Be careful to the learnt formulas...

Assume $\theta=tan^{-1}1+tan^{-1}2+tan^{-1}3$

Taking $tan$ both sides,

$tan\theta=\dfrac{1+2+3-(1×2×3)}{1-(1×2+2×3+3×1)}=0$

So we can say that $\theta=n\pi$

Now we will use estimations to find out the integer n.

We know

• $tan^{-1}1=\frac{\pi}{4},$
• $\frac{\pi}{2}>tan^{-1}2>\frac{\pi}{4}$
• $\frac{\pi}{2}>tan^{-1}3>\frac{\pi}{4}$

Now we can estimate $\theta$ as $\frac{\pi}{4}+\frac{\pi}{2}+\frac{\pi}{2}=\frac{5\pi}{4}>\theta>\frac{\pi}{4}+\frac{\pi}{4}+\frac{\pi}{4}=\frac{3\pi}{4}$

So possible value of n can be $1$ only, proving $\theta=\pi$

See the image below; The formula is IMPORTANT:

See the Three Square Problem .

$\tan^{-1} 1 + \tan^{-1} 2 + \tan^{-1} 3 = \frac{3 \pi}{2} - (\alpha + \beta + \gamma) = \boxed{\pi}$

(Angles $\alpha, \beta, \gamma$ are defined in the video.)

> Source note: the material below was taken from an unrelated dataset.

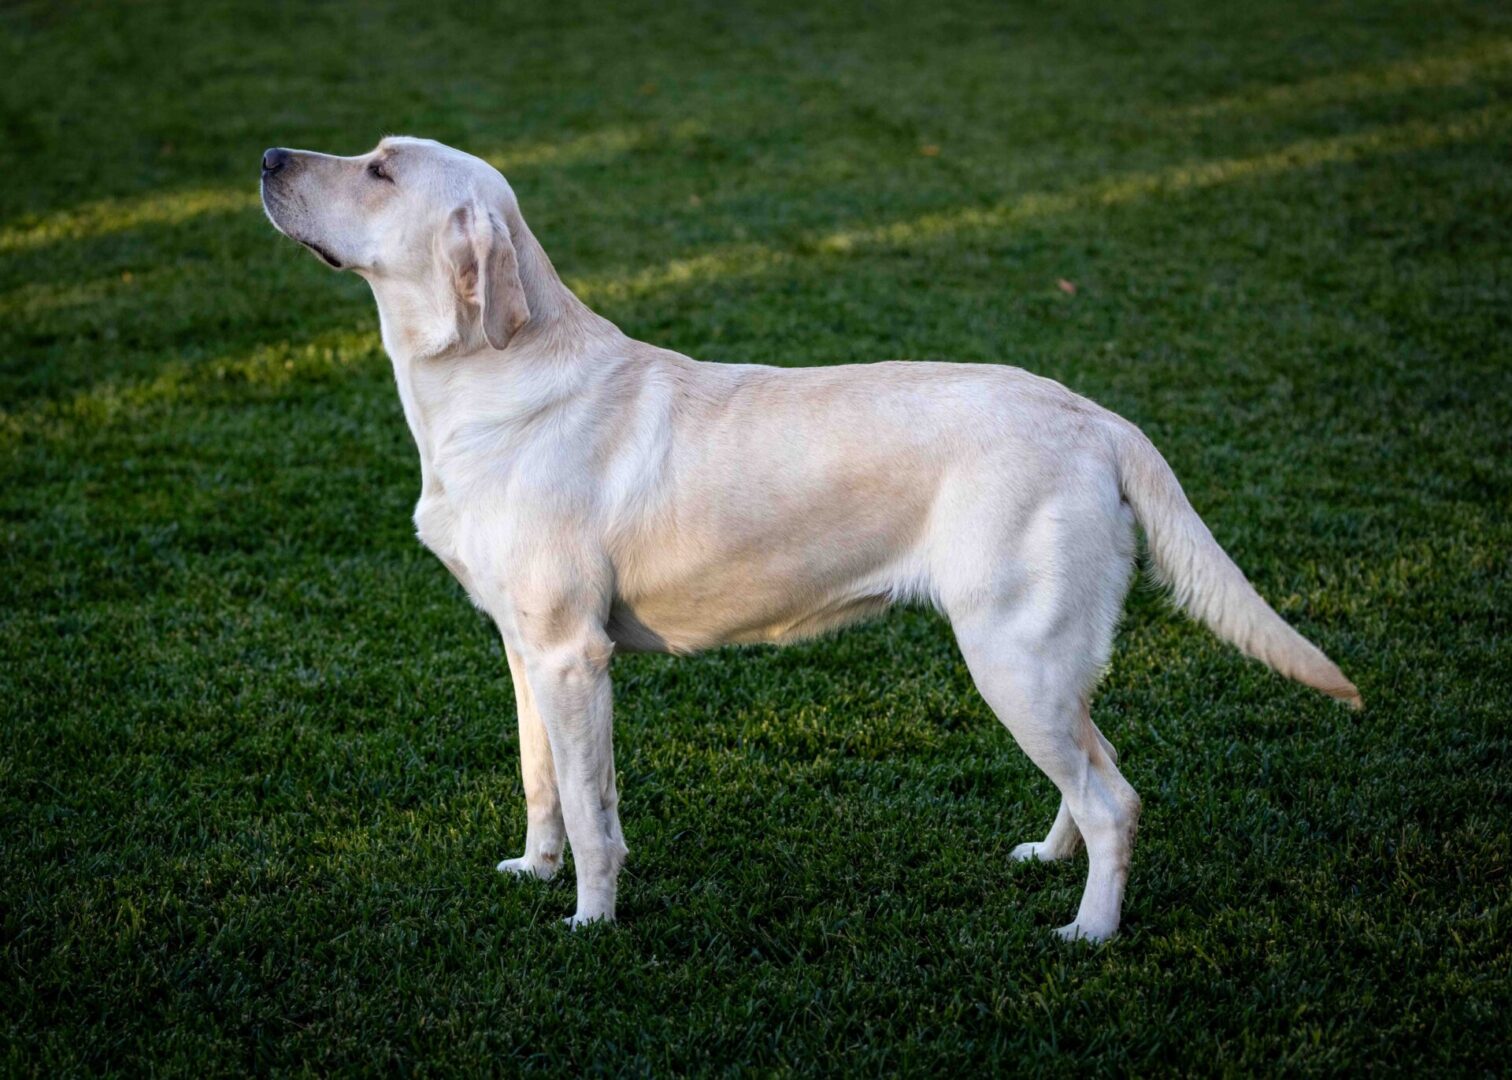 A white dog standing in the grass looking up.

tan^-1(1) + tan^-1(2) + tan^-1(3) = pi/4 + tan^-1(2) + tan^-1(3) \Rightarrow pi/4 + pi + tan^-1(\frac {2+3}{1-2 3}) because [tan^-1(A) + tan^-1(B) =pi + tan^-1(\frac {A+B}{1 - A B)}] when A*B > 1 \Rightarrow pi/4 + pi + tan^-1(-1) \Rightarrow pi/4 + pi + (-pi/4) \Rightarrow pi/4 + pi - pi/4 \Rightarrow pi.